A 7B LLM Skilled on 8K Enter Sequence Size

TLDR
We skilled a sequence of 7B LLMs named XGen-7B with commonplace dense consideration on as much as 8K sequence size for as much as 1.5T tokens. We additionally fantastic tune the fashions on public-domain tutorial knowledge. The primary take-aways are:
- On commonplace NLP benchmarks, XGen achieves comparable or higher outcomes compared with state-of-the-art open-source LLMs (e.g.
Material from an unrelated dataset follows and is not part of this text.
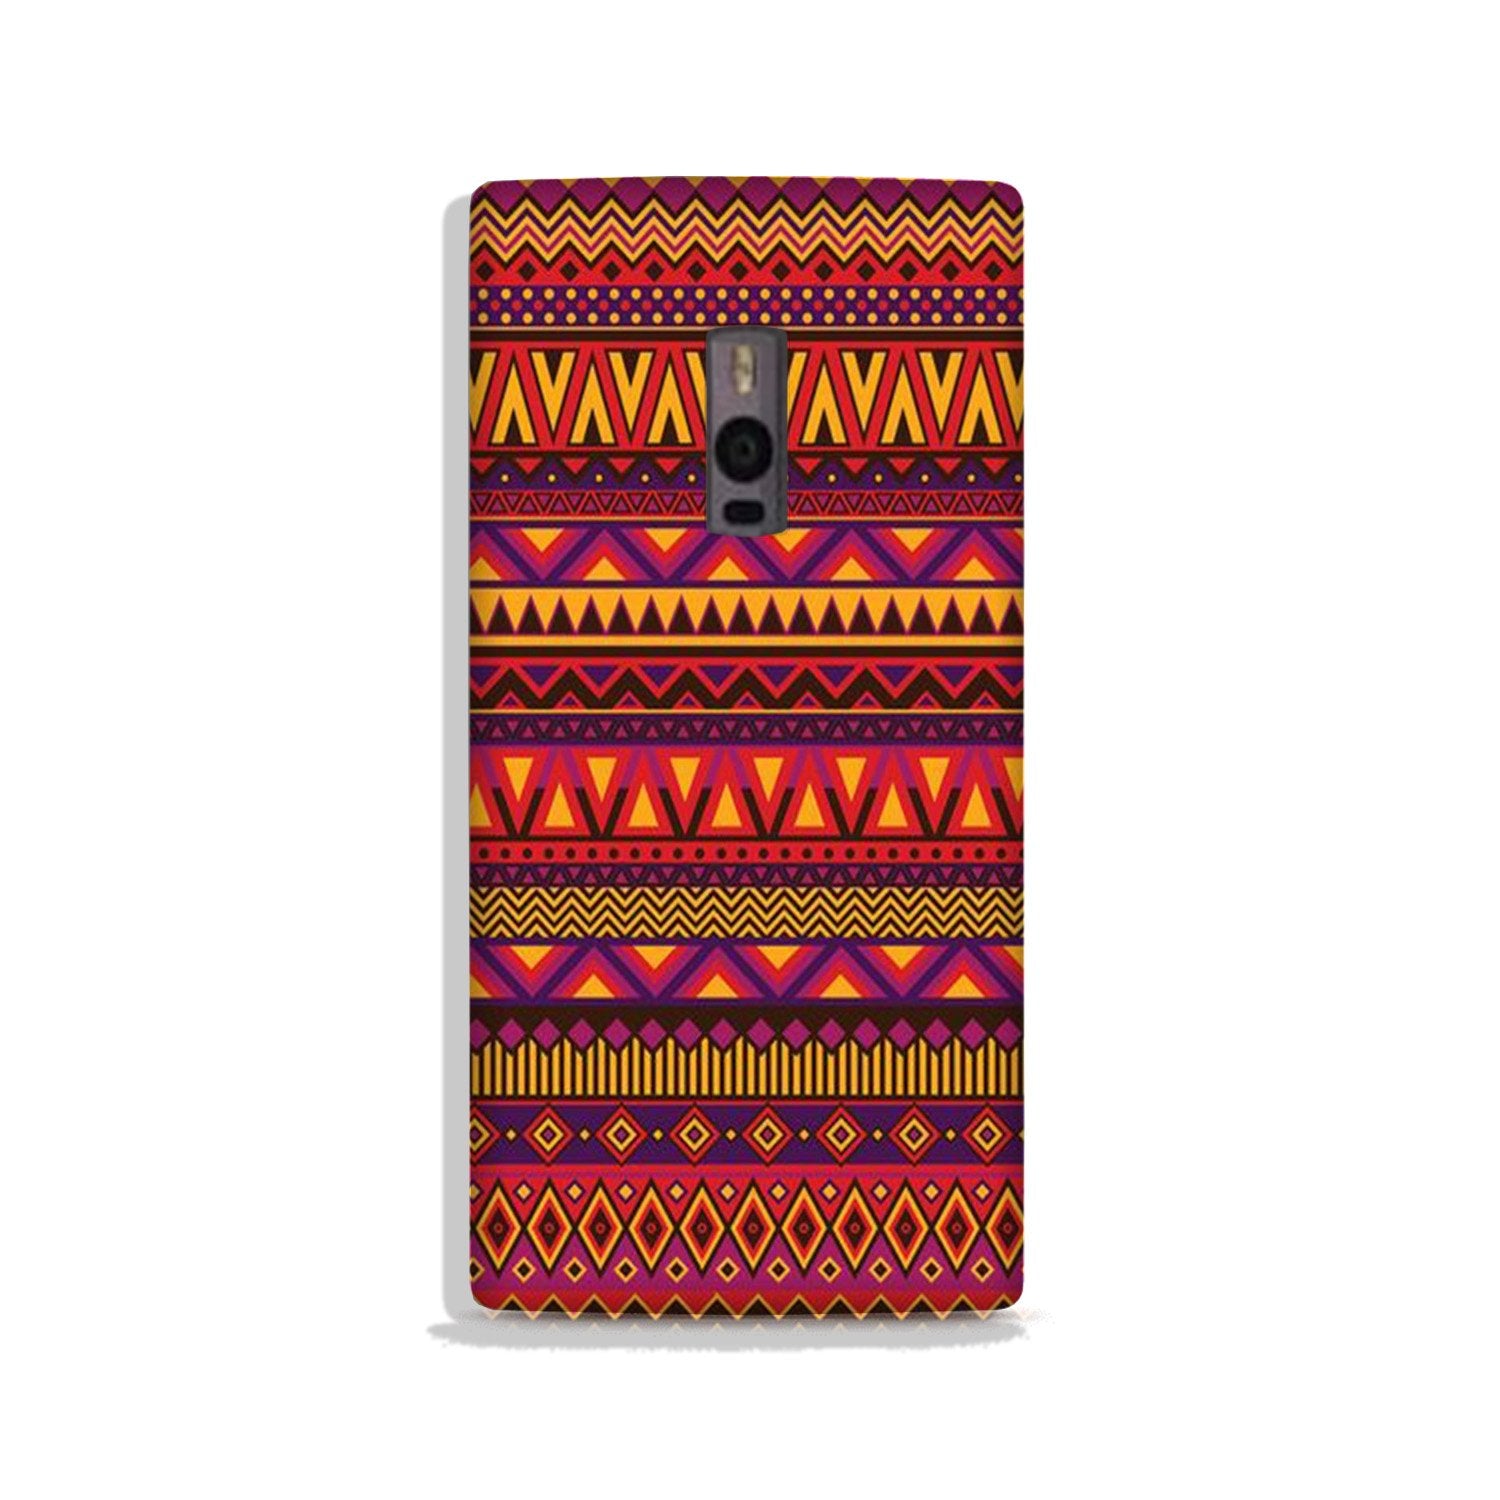 Zigzag line pattern2 Case for OnePlus 2

MPT, Falcon, LLaMA, Redpajama, OpenLLaMA) of comparable mannequin measurement.
- Our focused analysis on lengthy sequence modeling benchmarks present advantages of our 8K-seq fashions over 2K- and 4K-seq fashions.
- XGen-7B archives equally robust outcomes each in textual content (e.g., MMLU, QA) and code (HumanEval) duties.
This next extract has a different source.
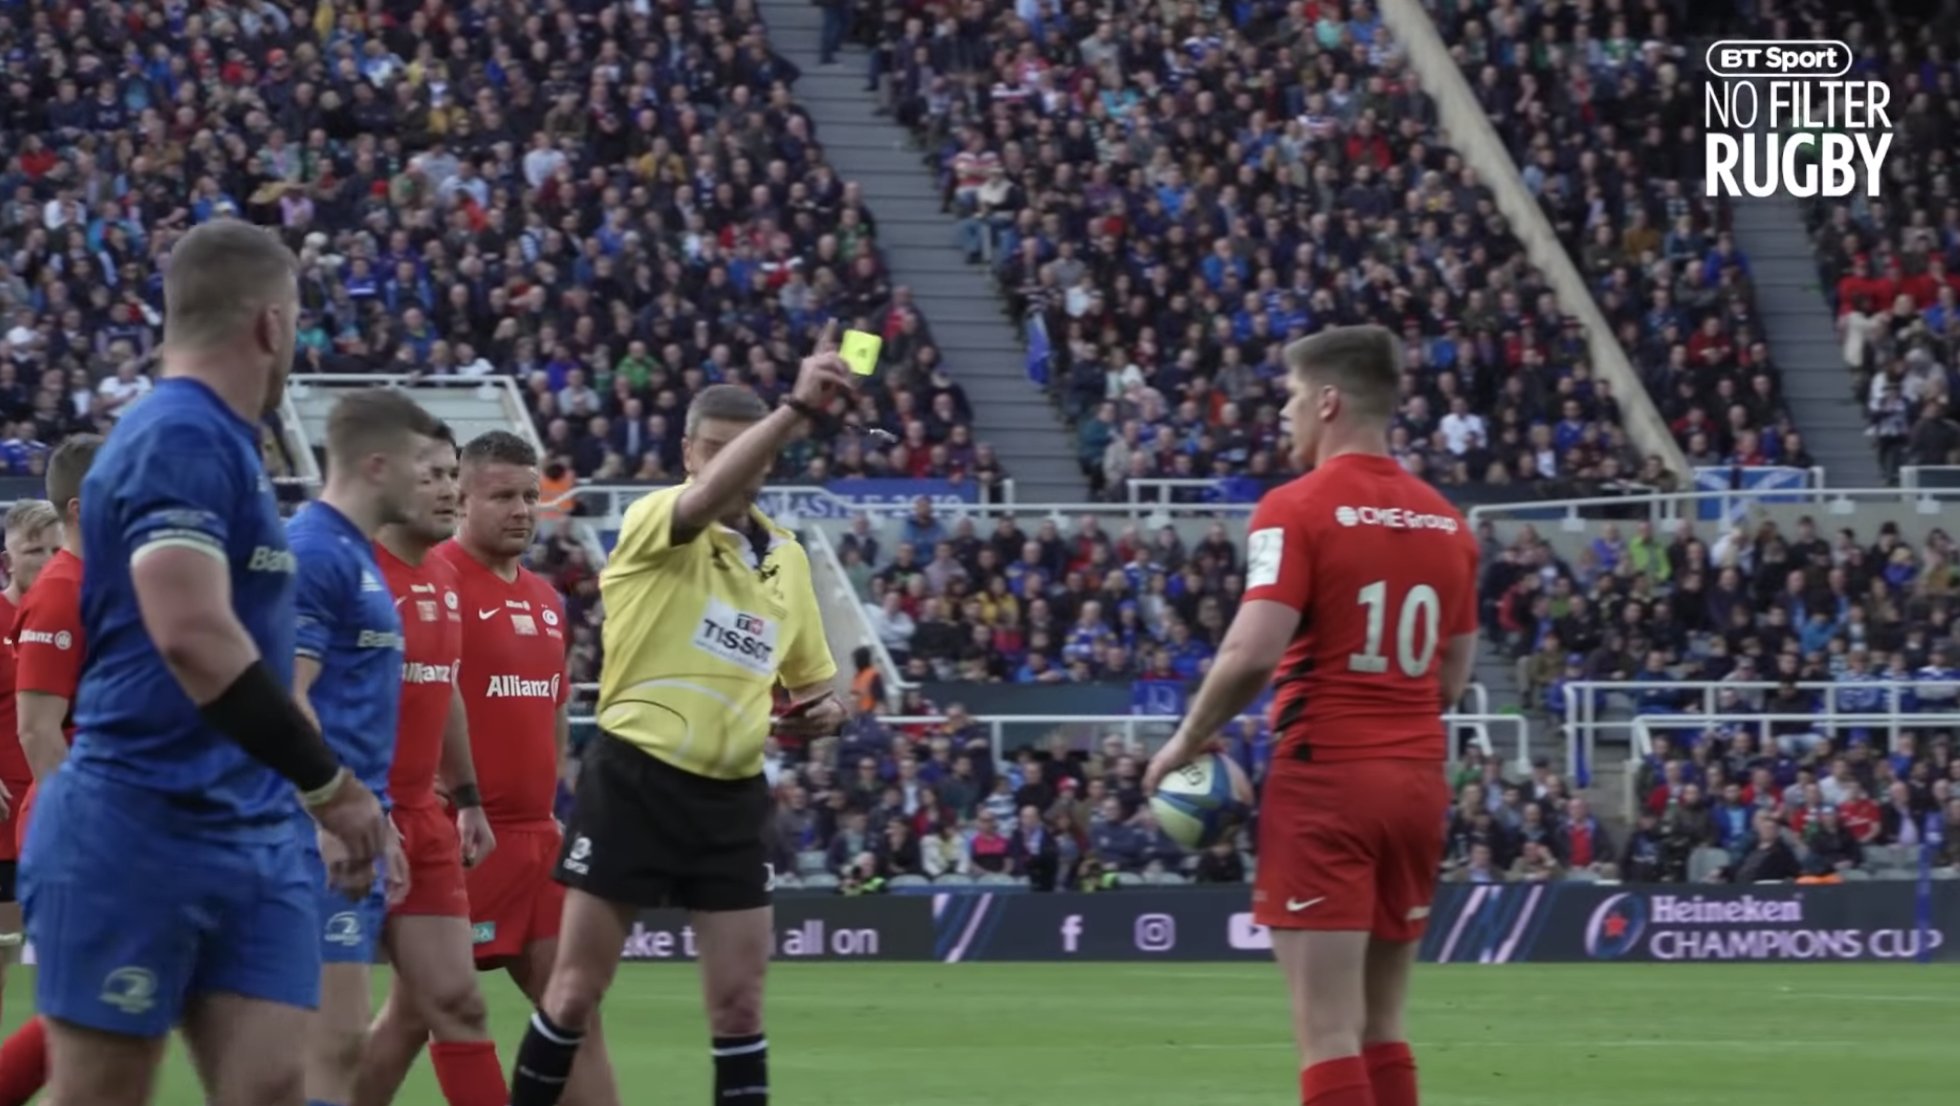 WATCH: The moment Owen Farrell almost lost it when he thought he had been sin binned

- Coaching price of $150K on 1T tokens beneath Google Cloud pricing for TPU-v4.
Codebase: https://github.com/salesforce/xGen
Mannequin Checkpoint: https://huggingface.co/Salesforce/xgen-7b-8k-base
Why XGen-7B with 8K Sequence Size
As LLMs change into ubiquitous, their purposes to lengthy sequences have been a key focus, particularly for purposes like summarizing textual content (doubtlessly interleaved with different knowledge sources like tables and pictures), writing code, and predicting protein sequences, which require the mannequin to successfully contemplate lengthy distance structural dependencies. A big context permits a pre-trained LLM to have a look at buyer knowledge (e.g., paperwork the LLM didn’t use in coaching) and responds to helpful info in search of queries.
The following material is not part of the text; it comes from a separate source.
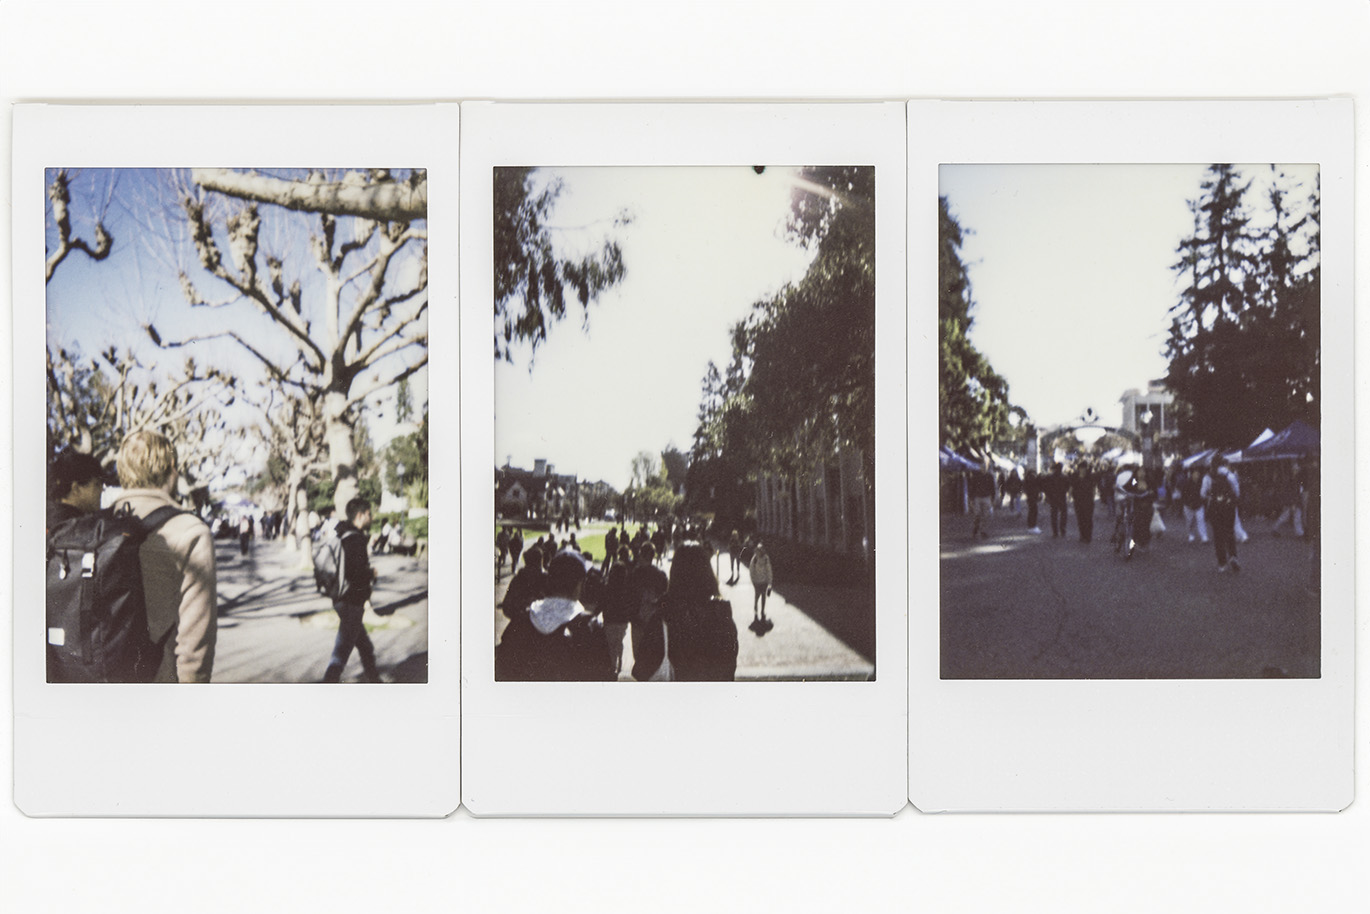 Set of three scanned polaroid photos showing scenes with students from the UC Berkley campus.

But, most open-source LLMs (e.g., LLaMA, MPT, Falcon) have been skilled with a most of 2K token sequence size, which is a key limitation in modeling lengthy sequences. Inference time options reminiscent of ALiBi have but to be evaluated for bigger fashions (e.g. MPT-7b-StoryWriter-65k+). Latest work on mannequin scaling has proven that for a given compute finances, the most effective performances will not be essentially achieved by the most important fashions, however by smaller fashions skilled on extra knowledge (measured by variety of tokens). A smaller mannequin can be usually most popular for inference effectivity throughout serving together with on-device serving. In mild of this, we practice a sequence of 7B LLMs named XGen with commonplace dense consideration on as much as 8K sequence size for as much as 1.5T tokens. We additionally fantastic tune the XGen fashions on public-domain tutorial knowledge, creating their instruction-tuned counterparts (XGen-7B-inst).
Mannequin |
Description |
XGen-7B-4K-base |
We practice for 800B tokens with a sequence size of 2k tokens first, then for an additional 400B tokens (complete 1.2T tokens) with 4k. Launched beneath Apache-2.0. |
XGen-7B-8K-base |
Initialized with XGen-7B-4K-base and additional skilled for 300B extra tokens (complete 1.5T tokens) with 8K sequence size. Launched beneath Apache-2.0. |
XGen-7B-{4K,8K}-inst |
Supervised fantastic tuned on public area tutorial knowledge together with databricks-dolly-15k, oasst1, Baize and GPT-related datasets. Launched for analysis function solely. |
Pre-training Information
We make use of a two-stage coaching technique, the place every stage makes use of a special knowledge combination.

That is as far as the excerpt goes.